→ ASSIGNED TASK: Return all of the listing word for word; the pictures stay out.
-- DATA EXTRACT follows --
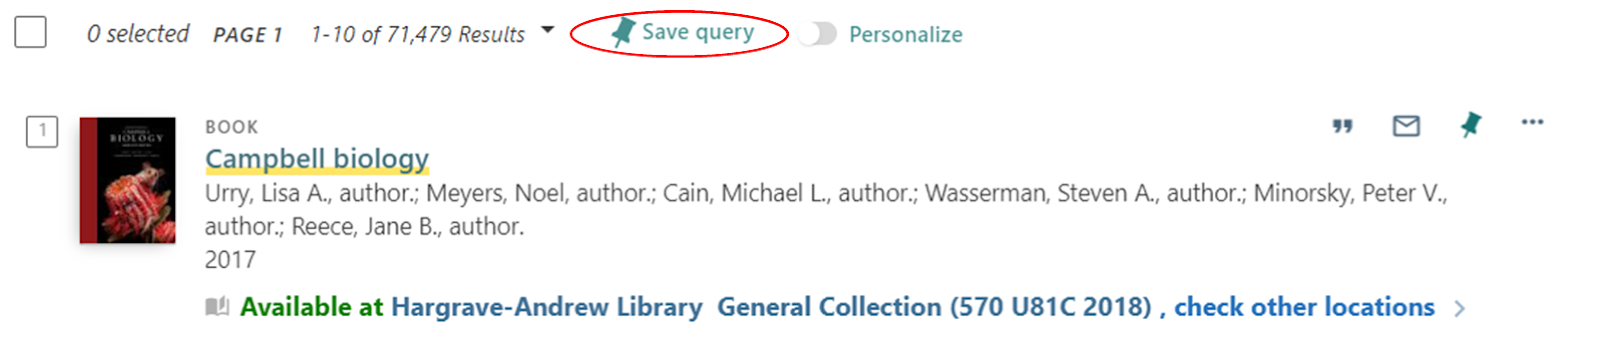 Search results showing a single brief item record and the Save query button circled
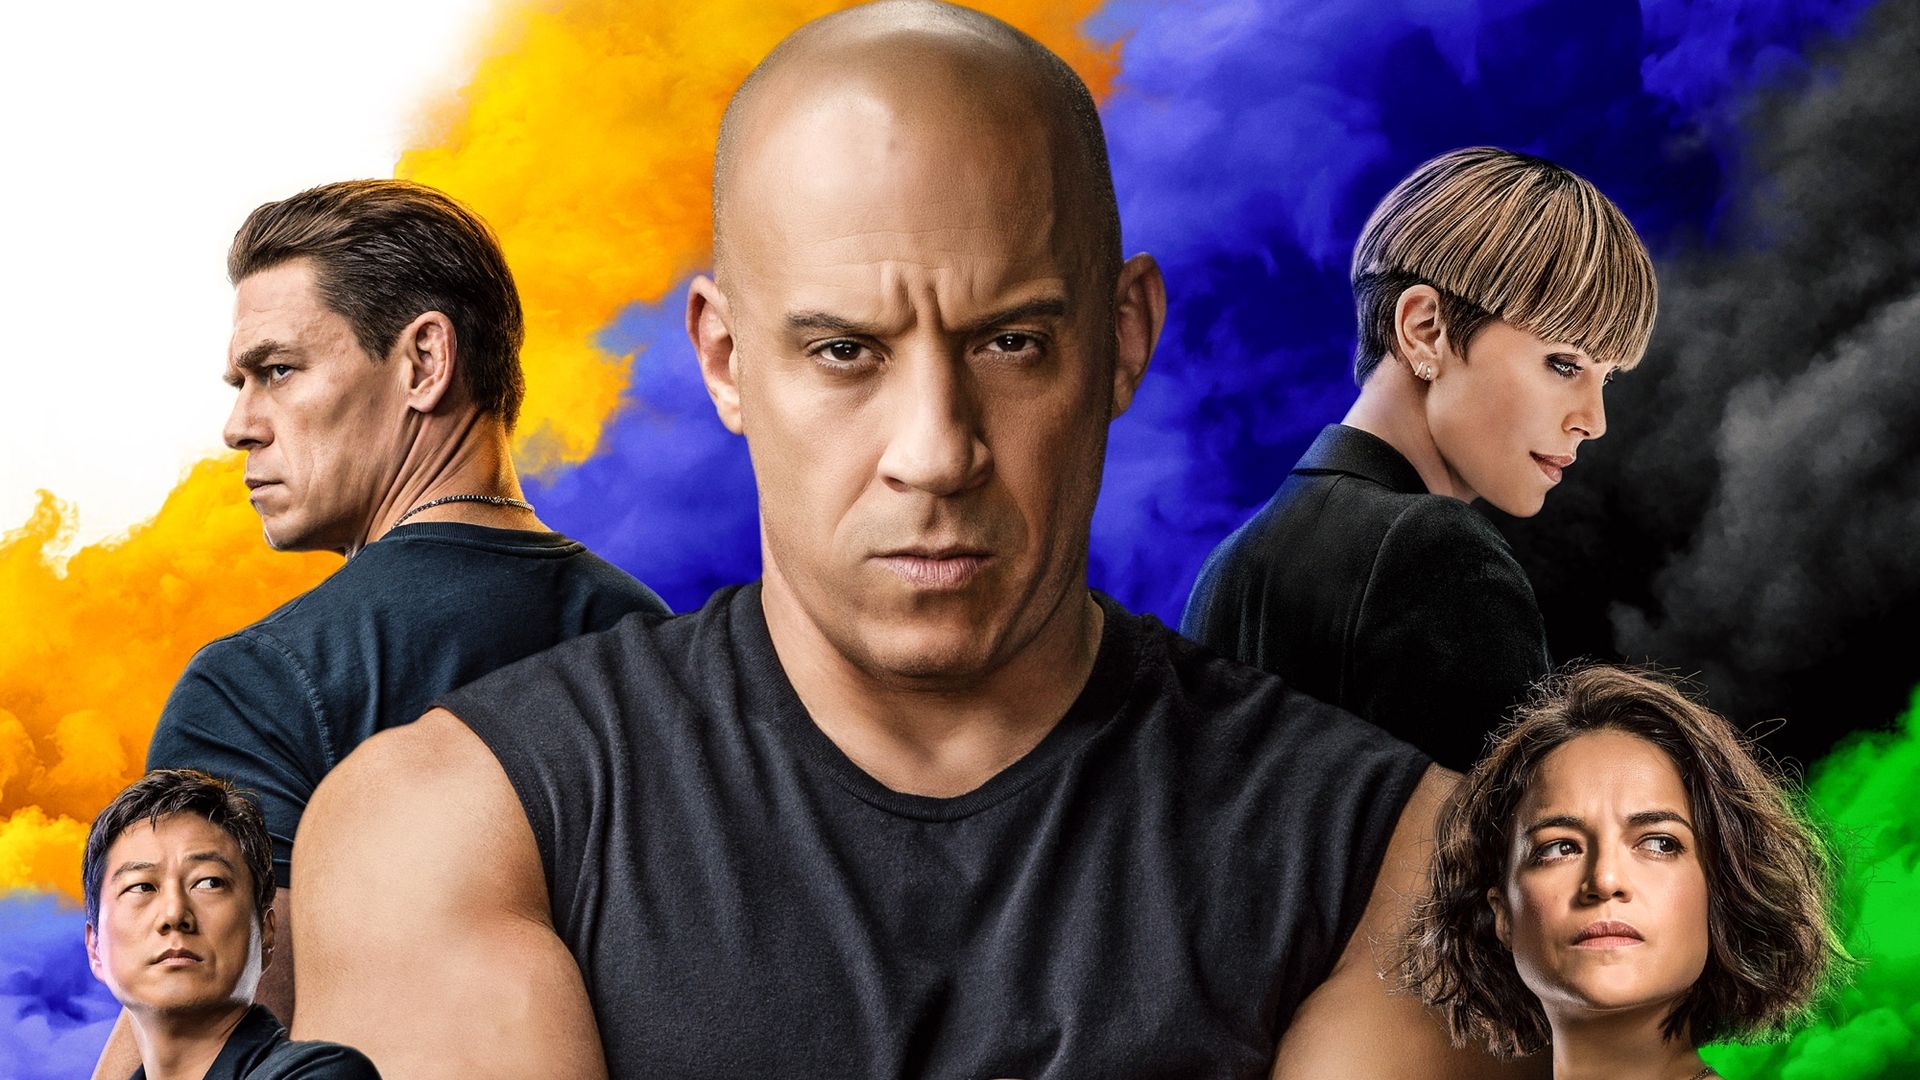 How to watch Fast and Furious movies in order online Tom's Guide
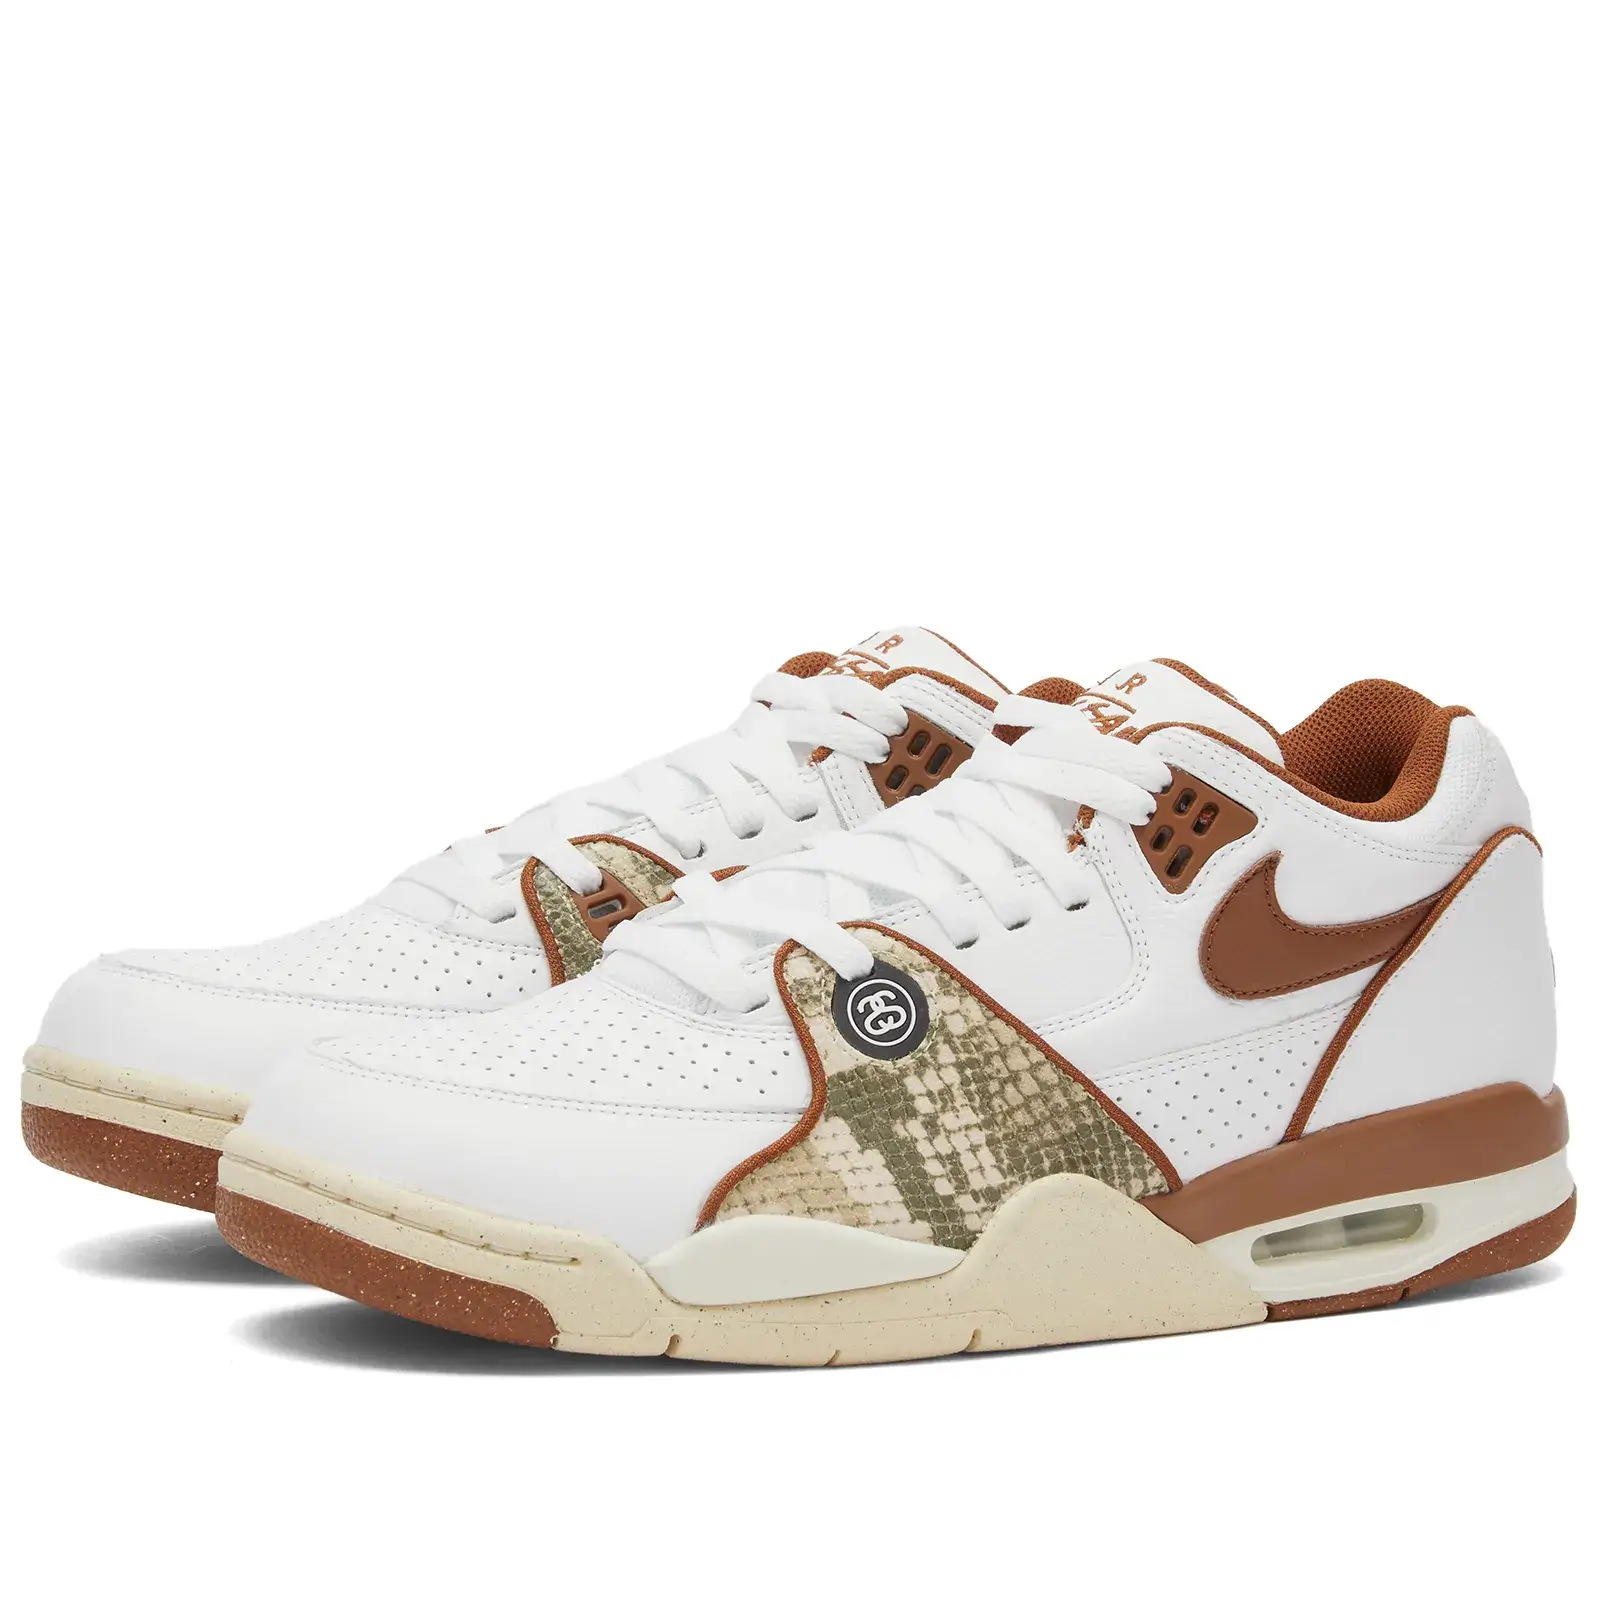 Nike X Stussy Air Flight ’89 Low SP Discounts and Cashback
-- DATA EXTRACT concluded --
→ RESPONSE TO THIS EXERCISE:
 Search results showing a single brief item record and the Save query button circled
 How to watch Fast and Furious movies in order online Tom's Guide
 Nike X Stussy Air Flight ’89 Low SP Discounts and Cashback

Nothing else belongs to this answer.